IMF sees Global Growth rising to 3.4% in 2013 and 4.1% in 2014
The International Monetary Fund "IMF" lowered its 2013 growth forecast for some specific countries, but the notoriously grumpy economists at the IMF still see the global economy growing by 3.4% in 2013, slightly better than 2012's anticipated 3.2% growth. For 2014, the IMF is expecting faster (4.1%) growth.
China, plus the rest of Asia and Latin America, will remain the primary drivers of global GDP growth in 2013. Last week, HSBC reported that its preliminary Purchasing Managers Index "PMI" for China's economy rose to 51.9 in January - its highest level in two years - up from 51.5 in December. The HSBC report also showed that China's exports and imports continue to steadily rise as we enter the New Year.
On the currency front, a war seems to be breaking out between major central banks over the extent of their quantitative easing (QE) plans. The latest example is the currency war between a weak U.S. dollar and an even weaker Japanese yen. All of a sudden, the euro is the healthiest major currency, reaching an 11-month high to the dollar. To keep their economies competitive in 2013, the world's major central banks - the European Central Bank (ECB), Bank of England "BOE", Bank of Japan (BOJ), and the U.S. Federal Reserve - all seem to be waging a "war" of expansive central bank quantitative easing plans.

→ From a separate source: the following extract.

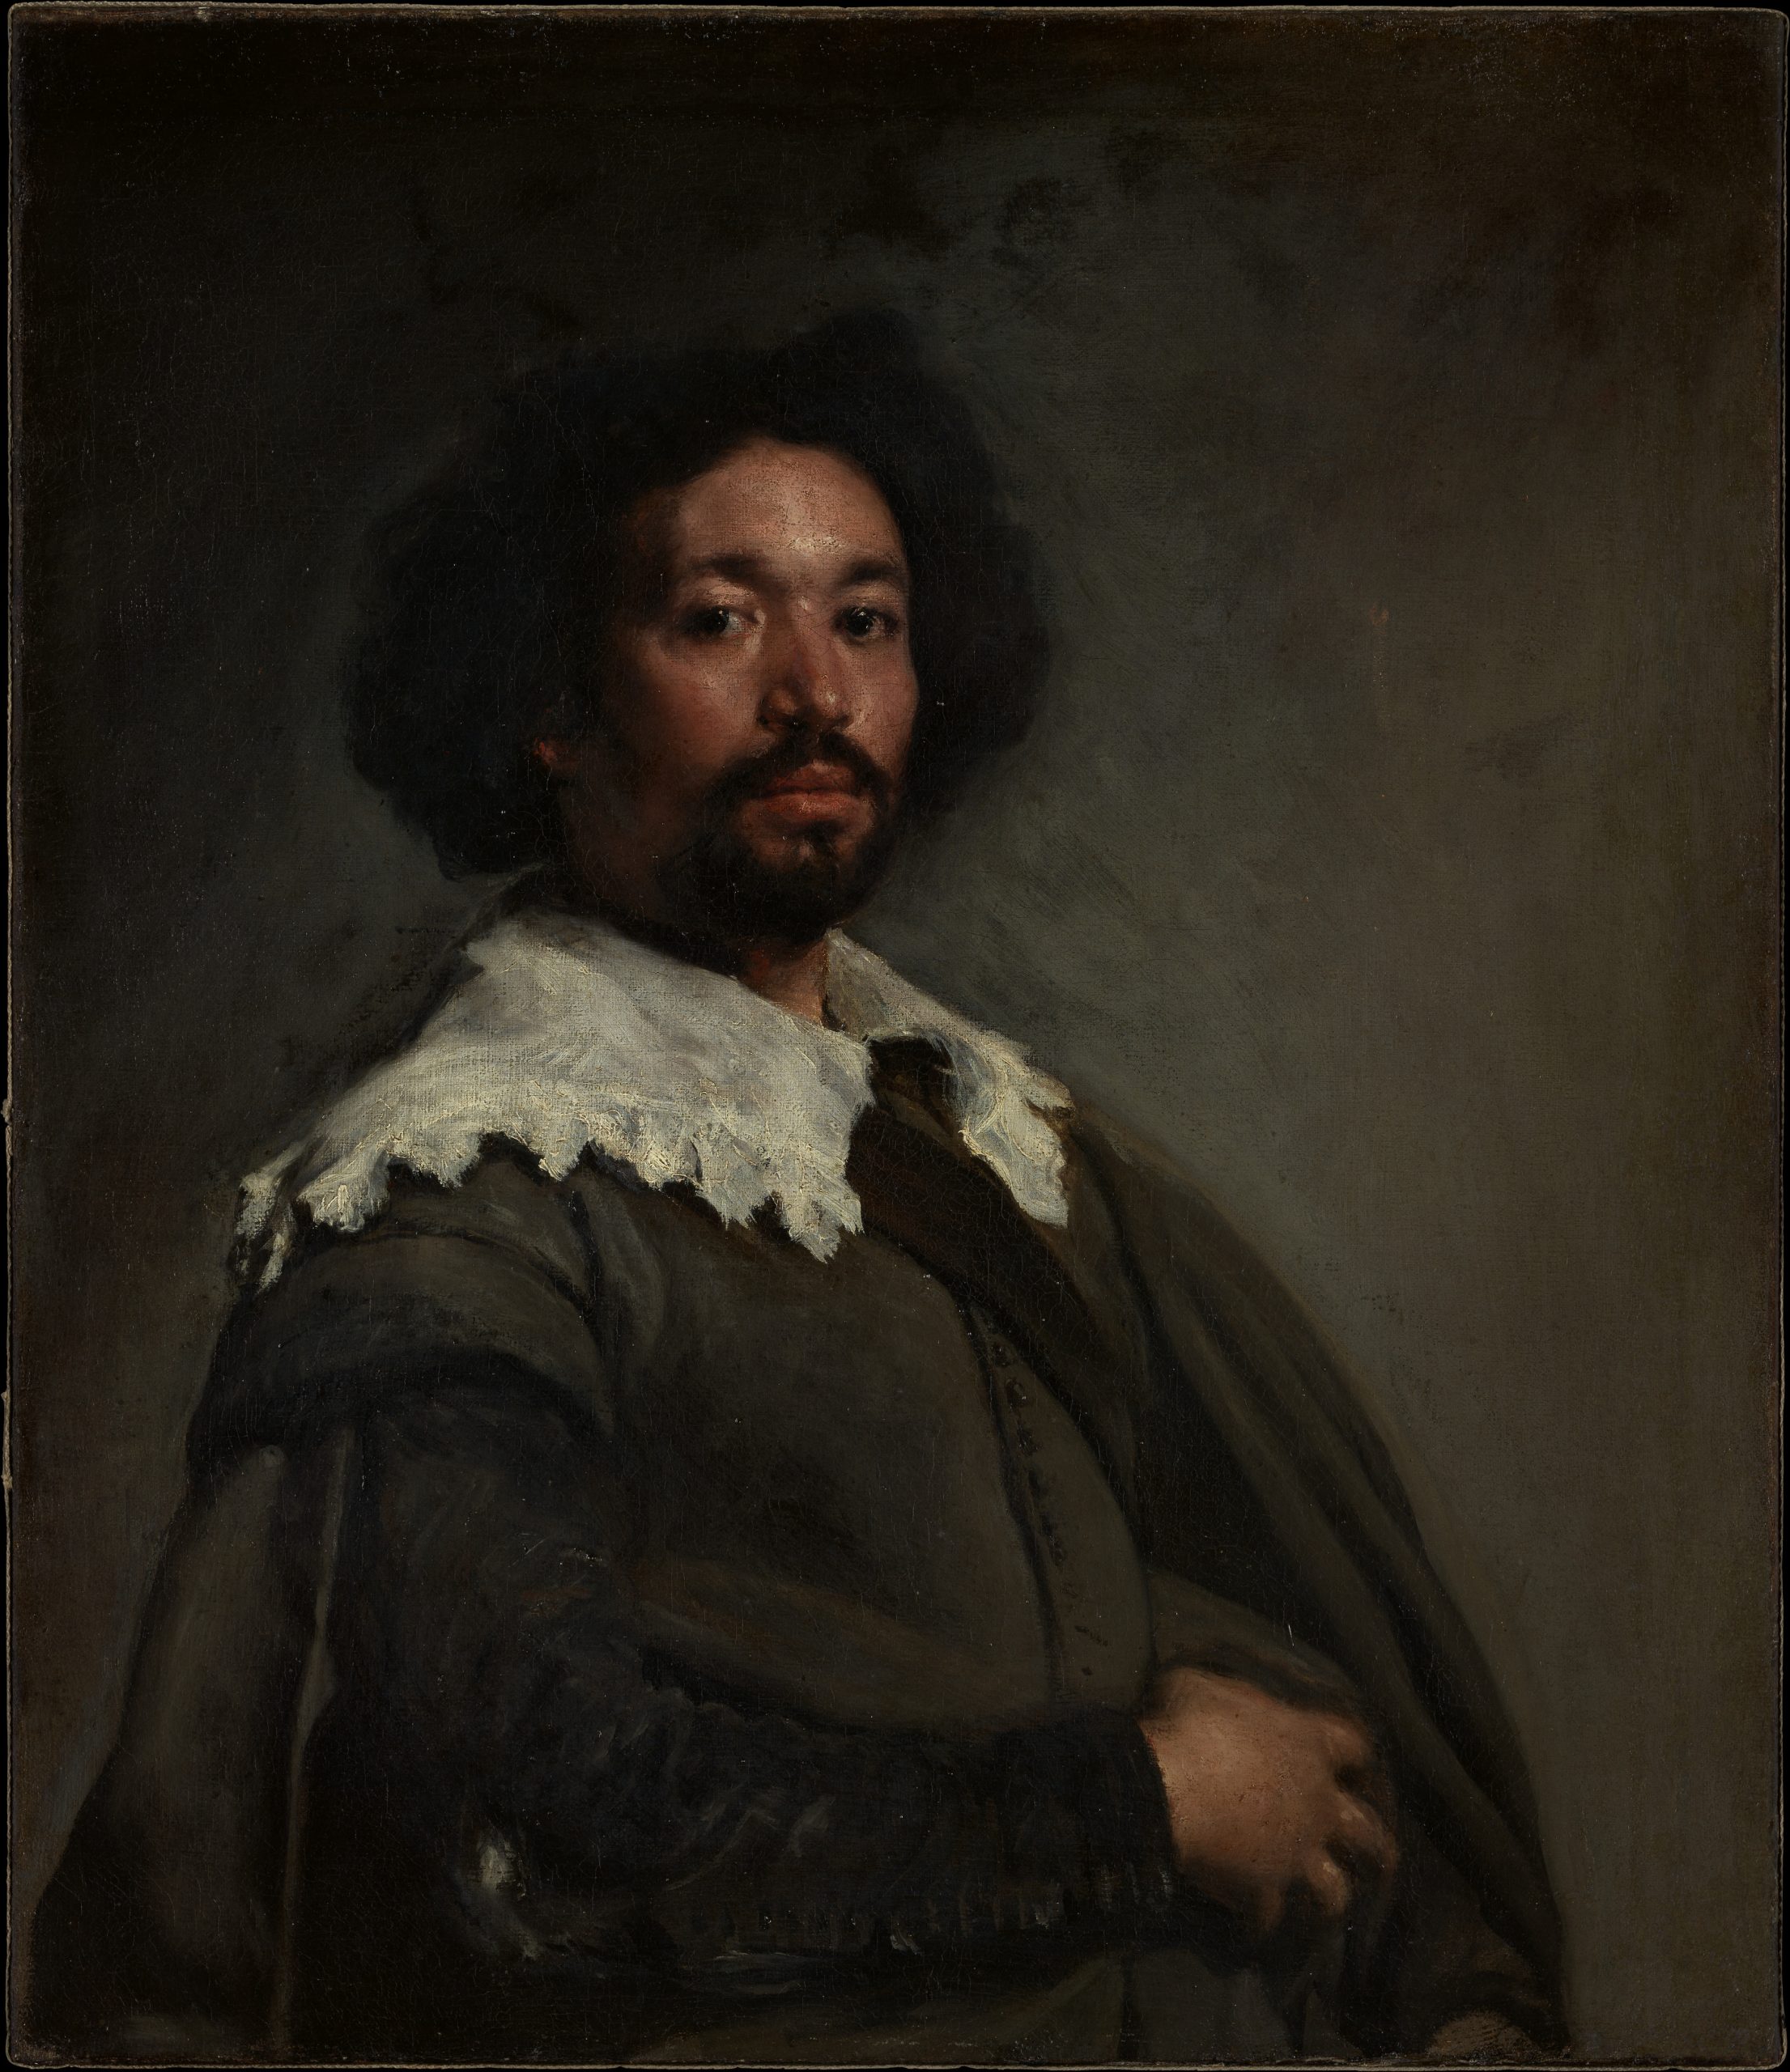 A shadowed portrait of a man.

The Fed Quadruples its Balance Sheet with U.S. Treasury Debt
Back in 2008, the Fed's balance sheet was only $800 billion, but that figure has since soared almost four-fold to about $3 trillion. For the foreseeable future, the Fed will expand its balance sheet by $85 billion per month (about $1 trillion per year) from quantitative easing alone. Due to the Fed's seemingly endless easy money policies, its 0% interest rate policy, and the $1+ trillion annual U.S. government deficits that the Fed must continue to backstop, the U.S. dollar should remain weak in the worldwide currency wars.
Last Thursday, the Fed revealed that its holdings of U.S. government debt rose to $1.697 trillion, up 257% from $475.3 billion four years ago. The Fed has now surpassed China as the biggest holder of U.S. Treasury securities (and other U.S. government debt), since China owned "only" $1.17 trillion in U.S. government debt as of the end of November 2012. In the past couple of years, the Fed has been buying about 75% of the new U.S. Treasury debt issued, which is why it must continue its QE plans "forever."
The only hope for keeping annual deficits under $1 trillion is greater prosperity, generating higher tax revenues, rather than raising tax rates. Many rich French citizens have been fleeing France's new 75% top income tax rate. Now, we learn that former French President Nicolas Sarkozy and his wife, Carla Bruni, are planning to move to London to avoid French taxes (and some potential lawsuits). Here at home, California is chasing away some of its most successful residents with the new 13.3% top state income tax rate, on top of the new 39%+ top federal rate. The latest example is golfer Phil Mickelson. Years ago, Tiger Woods fled California for Florida, where there is no state income tax. Take a look at the list of the world's best golf or tennis stars: You'll be surprised by how many live in "tax havens." The governments of the world may want to soak the rich, but the rich can easily relocate.
Disclosure: I have no positions in any stocks mentioned, and no plans to initiate any positions within the next 72 hours. I wrote this article myself, and it expresses my own opinions. I am not receiving compensation for it. I have no business relationship with any company whose stock is mentioned in this article.